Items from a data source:

■ ■ ■ ■

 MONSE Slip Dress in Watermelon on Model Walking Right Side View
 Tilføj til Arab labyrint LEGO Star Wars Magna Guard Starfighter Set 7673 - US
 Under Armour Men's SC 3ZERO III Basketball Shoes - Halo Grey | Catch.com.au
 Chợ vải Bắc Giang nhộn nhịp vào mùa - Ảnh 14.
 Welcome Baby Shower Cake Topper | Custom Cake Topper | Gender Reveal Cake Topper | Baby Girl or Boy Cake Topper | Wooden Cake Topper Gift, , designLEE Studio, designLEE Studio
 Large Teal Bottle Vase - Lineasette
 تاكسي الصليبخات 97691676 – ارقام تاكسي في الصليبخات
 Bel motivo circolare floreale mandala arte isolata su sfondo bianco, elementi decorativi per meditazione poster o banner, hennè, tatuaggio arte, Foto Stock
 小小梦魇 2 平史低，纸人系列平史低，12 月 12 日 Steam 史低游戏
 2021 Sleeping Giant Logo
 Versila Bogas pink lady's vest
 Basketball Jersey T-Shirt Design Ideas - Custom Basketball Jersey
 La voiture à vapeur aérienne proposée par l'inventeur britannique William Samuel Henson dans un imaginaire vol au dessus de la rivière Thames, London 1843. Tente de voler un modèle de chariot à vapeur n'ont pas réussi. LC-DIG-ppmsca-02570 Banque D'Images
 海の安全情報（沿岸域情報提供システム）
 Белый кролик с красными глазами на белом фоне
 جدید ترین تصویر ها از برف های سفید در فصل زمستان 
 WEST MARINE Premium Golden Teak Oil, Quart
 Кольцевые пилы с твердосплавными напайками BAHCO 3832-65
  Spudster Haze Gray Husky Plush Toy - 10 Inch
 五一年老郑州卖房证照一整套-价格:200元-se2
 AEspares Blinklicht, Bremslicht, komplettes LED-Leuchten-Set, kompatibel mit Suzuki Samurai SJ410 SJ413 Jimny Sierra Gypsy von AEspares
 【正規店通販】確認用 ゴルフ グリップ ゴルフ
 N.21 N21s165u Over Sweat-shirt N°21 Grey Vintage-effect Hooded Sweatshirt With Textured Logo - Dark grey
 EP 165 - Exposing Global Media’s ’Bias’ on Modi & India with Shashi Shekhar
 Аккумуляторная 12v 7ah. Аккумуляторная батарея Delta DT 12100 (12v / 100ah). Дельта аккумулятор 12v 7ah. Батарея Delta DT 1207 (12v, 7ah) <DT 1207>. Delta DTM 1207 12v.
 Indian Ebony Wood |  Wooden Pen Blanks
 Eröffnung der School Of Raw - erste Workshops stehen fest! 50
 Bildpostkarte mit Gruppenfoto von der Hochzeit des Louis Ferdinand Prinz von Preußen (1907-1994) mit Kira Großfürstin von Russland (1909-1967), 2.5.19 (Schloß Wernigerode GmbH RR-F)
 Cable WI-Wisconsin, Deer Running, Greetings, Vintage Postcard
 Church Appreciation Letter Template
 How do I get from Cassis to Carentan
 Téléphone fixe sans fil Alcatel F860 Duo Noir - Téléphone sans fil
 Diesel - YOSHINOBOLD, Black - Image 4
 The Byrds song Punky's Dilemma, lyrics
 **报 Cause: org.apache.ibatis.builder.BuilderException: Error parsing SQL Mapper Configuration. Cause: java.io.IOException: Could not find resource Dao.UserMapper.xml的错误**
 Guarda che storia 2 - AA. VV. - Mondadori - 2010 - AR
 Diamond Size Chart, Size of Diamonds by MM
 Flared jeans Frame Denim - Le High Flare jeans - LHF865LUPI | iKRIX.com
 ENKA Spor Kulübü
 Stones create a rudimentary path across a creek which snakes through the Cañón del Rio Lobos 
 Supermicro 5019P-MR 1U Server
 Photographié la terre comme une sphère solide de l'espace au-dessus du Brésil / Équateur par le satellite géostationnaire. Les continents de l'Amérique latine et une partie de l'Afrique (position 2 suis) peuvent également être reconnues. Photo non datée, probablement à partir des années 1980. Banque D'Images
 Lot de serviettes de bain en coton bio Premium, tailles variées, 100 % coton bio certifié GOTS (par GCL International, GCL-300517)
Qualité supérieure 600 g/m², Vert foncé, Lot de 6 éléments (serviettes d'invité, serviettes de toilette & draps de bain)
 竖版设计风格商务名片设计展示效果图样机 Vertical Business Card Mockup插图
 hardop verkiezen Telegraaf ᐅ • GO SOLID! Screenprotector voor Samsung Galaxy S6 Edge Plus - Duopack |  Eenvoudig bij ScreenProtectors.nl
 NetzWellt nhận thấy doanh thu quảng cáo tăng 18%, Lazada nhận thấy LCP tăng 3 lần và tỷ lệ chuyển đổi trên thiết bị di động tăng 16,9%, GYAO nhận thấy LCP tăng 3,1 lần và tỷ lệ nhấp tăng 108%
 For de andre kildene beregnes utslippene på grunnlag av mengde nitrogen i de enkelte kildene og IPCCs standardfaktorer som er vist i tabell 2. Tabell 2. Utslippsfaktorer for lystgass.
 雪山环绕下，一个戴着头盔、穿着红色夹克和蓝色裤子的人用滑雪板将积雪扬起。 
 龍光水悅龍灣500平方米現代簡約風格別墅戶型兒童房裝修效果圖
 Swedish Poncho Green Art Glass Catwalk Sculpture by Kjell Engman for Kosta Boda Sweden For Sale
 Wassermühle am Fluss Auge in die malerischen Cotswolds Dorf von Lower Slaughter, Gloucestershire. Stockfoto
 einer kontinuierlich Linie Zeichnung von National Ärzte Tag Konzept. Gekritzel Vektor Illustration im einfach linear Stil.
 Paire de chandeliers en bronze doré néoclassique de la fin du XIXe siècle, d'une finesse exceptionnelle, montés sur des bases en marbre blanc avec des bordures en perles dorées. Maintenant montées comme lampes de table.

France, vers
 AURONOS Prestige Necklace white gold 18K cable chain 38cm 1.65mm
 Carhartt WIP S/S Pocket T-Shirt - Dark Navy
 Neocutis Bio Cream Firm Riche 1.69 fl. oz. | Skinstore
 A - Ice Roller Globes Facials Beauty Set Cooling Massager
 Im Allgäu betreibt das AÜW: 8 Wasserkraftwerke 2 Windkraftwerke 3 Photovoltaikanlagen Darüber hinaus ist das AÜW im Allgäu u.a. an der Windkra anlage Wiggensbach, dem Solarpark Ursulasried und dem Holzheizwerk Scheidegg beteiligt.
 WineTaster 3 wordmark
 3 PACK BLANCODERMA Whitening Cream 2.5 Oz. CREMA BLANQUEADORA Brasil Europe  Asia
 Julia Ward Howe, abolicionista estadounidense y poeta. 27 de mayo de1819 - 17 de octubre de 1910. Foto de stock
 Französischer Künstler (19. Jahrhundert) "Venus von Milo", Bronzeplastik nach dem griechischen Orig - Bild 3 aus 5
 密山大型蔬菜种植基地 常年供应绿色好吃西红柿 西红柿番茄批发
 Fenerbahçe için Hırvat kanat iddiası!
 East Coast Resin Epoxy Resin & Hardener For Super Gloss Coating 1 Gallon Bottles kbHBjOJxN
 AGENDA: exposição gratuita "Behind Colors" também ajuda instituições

■ ■ ■ ■

DESCRIPTION OF THE TASK :: Print the records once more, exactly as they were given.

EXPECTED ANSWER ::
 MONSE Slip Dress in Watermelon on Model Walking Right Side View
 Tilføj til Arab labyrint LEGO Star Wars Magna Guard Starfighter Set 7673 - US
 Under Armour Men's SC 3ZERO III Basketball Shoes - Halo Grey | Catch.com.au
 Chợ vải Bắc Giang nhộn nhịp vào mùa - Ảnh 14.
 Welcome Baby Shower Cake Topper | Custom Cake Topper | Gender Reveal Cake Topper | Baby Girl or Boy Cake Topper | Wooden Cake Topper Gift, , designLEE Studio, designLEE Studio
 Large Teal Bottle Vase - Lineasette
 تاكسي الصليبخات 97691676 – ارقام تاكسي في الصليبخات
 Bel motivo circolare floreale mandala arte isolata su sfondo bianco, elementi decorativi per meditazione poster o banner, hennè, tatuaggio arte, Foto Stock
 小小梦魇 2 平史低，纸人系列平史低，12 月 12 日 Steam 史低游戏
 2021 Sleeping Giant Logo
 Versila Bogas pink lady's vest
 Basketball Jersey T-Shirt Design Ideas - Custom Basketball Jersey
 La voiture à vapeur aérienne proposée par l'inventeur britannique William Samuel Henson dans un imaginaire vol au dessus de la rivière Thames, London 1843. Tente de voler un modèle de chariot à vapeur n'ont pas réussi. LC-DIG-ppmsca-02570 Banque D'Images
 海の安全情報（沿岸域情報提供システム）
 Белый кролик с красными глазами на белом фоне
 جدید ترین تصویر ها از برف های سفید در فصل زمستان 
 WEST MARINE Premium Golden Teak Oil, Quart
 Кольцевые пилы с твердосплавными напайками BAHCO 3832-65
  Spudster Haze Gray Husky Plush Toy - 10 Inch
 五一年老郑州卖房证照一整套-价格:200元-se2
 AEspares Blinklicht, Bremslicht, komplettes LED-Leuchten-Set, kompatibel mit Suzuki Samurai SJ410 SJ413 Jimny Sierra Gypsy von AEspares
 【正規店通販】確認用 ゴルフ グリップ ゴルフ
 N.21 N21s165u Over Sweat-shirt N°21 Grey Vintage-effect Hooded Sweatshirt With Textured Logo - Dark grey
 EP 165 - Exposing Global Media’s ’Bias’ on Modi & India with Shashi Shekhar
 Аккумуляторная 12v 7ah. Аккумуляторная батарея Delta DT 12100 (12v / 100ah). Дельта аккумулятор 12v 7ah. Батарея Delta DT 1207 (12v, 7ah) <DT 1207>. Delta DTM 1207 12v.
 Indian Ebony Wood |  Wooden Pen Blanks
 Eröffnung der School Of Raw - erste Workshops stehen fest! 50
 Bildpostkarte mit Gruppenfoto von der Hochzeit des Louis Ferdinand Prinz von Preußen (1907-1994) mit Kira Großfürstin von Russland (1909-1967), 2.5.19 (Schloß Wernigerode GmbH RR-F)
 Cable WI-Wisconsin, Deer Running, Greetings, Vintage Postcard
 Church Appreciation Letter Template
 How do I get from Cassis to Carentan
 Téléphone fixe sans fil Alcatel F860 Duo Noir - Téléphone sans fil
 Diesel - YOSHINOBOLD, Black - Image 4
 The Byrds song Punky's Dilemma, lyrics
 **报 Cause: org.apache.ibatis.builder.BuilderException: Error parsing SQL Mapper Configuration. Cause: java.io.IOException: Could not find resource Dao.UserMapper.xml的错误**
 Guarda che storia 2 - AA. VV. - Mondadori - 2010 - AR
 Diamond Size Chart, Size of Diamonds by MM
 Flared jeans Frame Denim - Le High Flare jeans - LHF865LUPI | iKRIX.com
 ENKA Spor Kulübü
 Stones create a rudimentary path across a creek which snakes through the Cañón del Rio Lobos 
 Supermicro 5019P-MR 1U Server
 Photographié la terre comme une sphère solide de l'espace au-dessus du Brésil / Équateur par le satellite géostationnaire. Les continents de l'Amérique latine et une partie de l'Afrique (position 2 suis) peuvent également être reconnues. Photo non datée, probablement à partir des années 1980. Banque D'Images
 Lot de serviettes de bain en coton bio Premium, tailles variées, 100 % coton bio certifié GOTS (par GCL International, GCL-300517)
Qualité supérieure 600 g/m², Vert foncé, Lot de 6 éléments (serviettes d'invité, serviettes de toilette & draps de bain)
 竖版设计风格商务名片设计展示效果图样机 Vertical Business Card Mockup插图
 hardop verkiezen Telegraaf ᐅ • GO SOLID! Screenprotector voor Samsung Galaxy S6 Edge Plus - Duopack |  Eenvoudig bij ScreenProtectors.nl
 NetzWellt nhận thấy doanh thu quảng cáo tăng 18%, Lazada nhận thấy LCP tăng 3 lần và tỷ lệ chuyển đổi trên thiết bị di động tăng 16,9%, GYAO nhận thấy LCP tăng 3,1 lần và tỷ lệ nhấp tăng 108%
 For de andre kildene beregnes utslippene på grunnlag av mengde nitrogen i de enkelte kildene og IPCCs standardfaktorer som er vist i tabell 2. Tabell 2. Utslippsfaktorer for lystgass.
 雪山环绕下，一个戴着头盔、穿着红色夹克和蓝色裤子的人用滑雪板将积雪扬起。 
 龍光水悅龍灣500平方米現代簡約風格別墅戶型兒童房裝修效果圖
 Swedish Poncho Green Art Glass Catwalk Sculpture by Kjell Engman for Kosta Boda Sweden For Sale
 Wassermühle am Fluss Auge in die malerischen Cotswolds Dorf von Lower Slaughter, Gloucestershire. Stockfoto
 einer kontinuierlich Linie Zeichnung von National Ärzte Tag Konzept. Gekritzel Vektor Illustration im einfach linear Stil.
 Paire de chandeliers en bronze doré néoclassique de la fin du XIXe siècle, d'une finesse exceptionnelle, montés sur des bases en marbre blanc avec des bordures en perles dorées. Maintenant montées comme lampes de table.

France, vers
 AURONOS Prestige Necklace white gold 18K cable chain 38cm 1.65mm
 Carhartt WIP S/S Pocket T-Shirt - Dark Navy
 Neocutis Bio Cream Firm Riche 1.69 fl. oz. | Skinstore
 A - Ice Roller Globes Facials Beauty Set Cooling Massager
 Im Allgäu betreibt das AÜW: 8 Wasserkraftwerke 2 Windkraftwerke 3 Photovoltaikanlagen Darüber hinaus ist das AÜW im Allgäu u.a. an der Windkra anlage Wiggensbach, dem Solarpark Ursulasried und dem Holzheizwerk Scheidegg beteiligt.
 WineTaster 3 wordmark
 3 PACK BLANCODERMA Whitening Cream 2.5 Oz. CREMA BLANQUEADORA Brasil Europe  Asia
 Julia Ward Howe, abolicionista estadounidense y poeta. 27 de mayo de1819 - 17 de octubre de 1910. Foto de stock
 Französischer Künstler (19. Jahrhundert) "Venus von Milo", Bronzeplastik nach dem griechischen Orig - Bild 3 aus 5
 密山大型蔬菜种植基地 常年供应绿色好吃西红柿 西红柿番茄批发
 Fenerbahçe için Hırvat kanat iddiası!
 East Coast Resin Epoxy Resin & Hardener For Super Gloss Coating 1 Gallon Bottles kbHBjOJxN
 AGENDA: exposição gratuita "Behind Colors" também ajuda instituições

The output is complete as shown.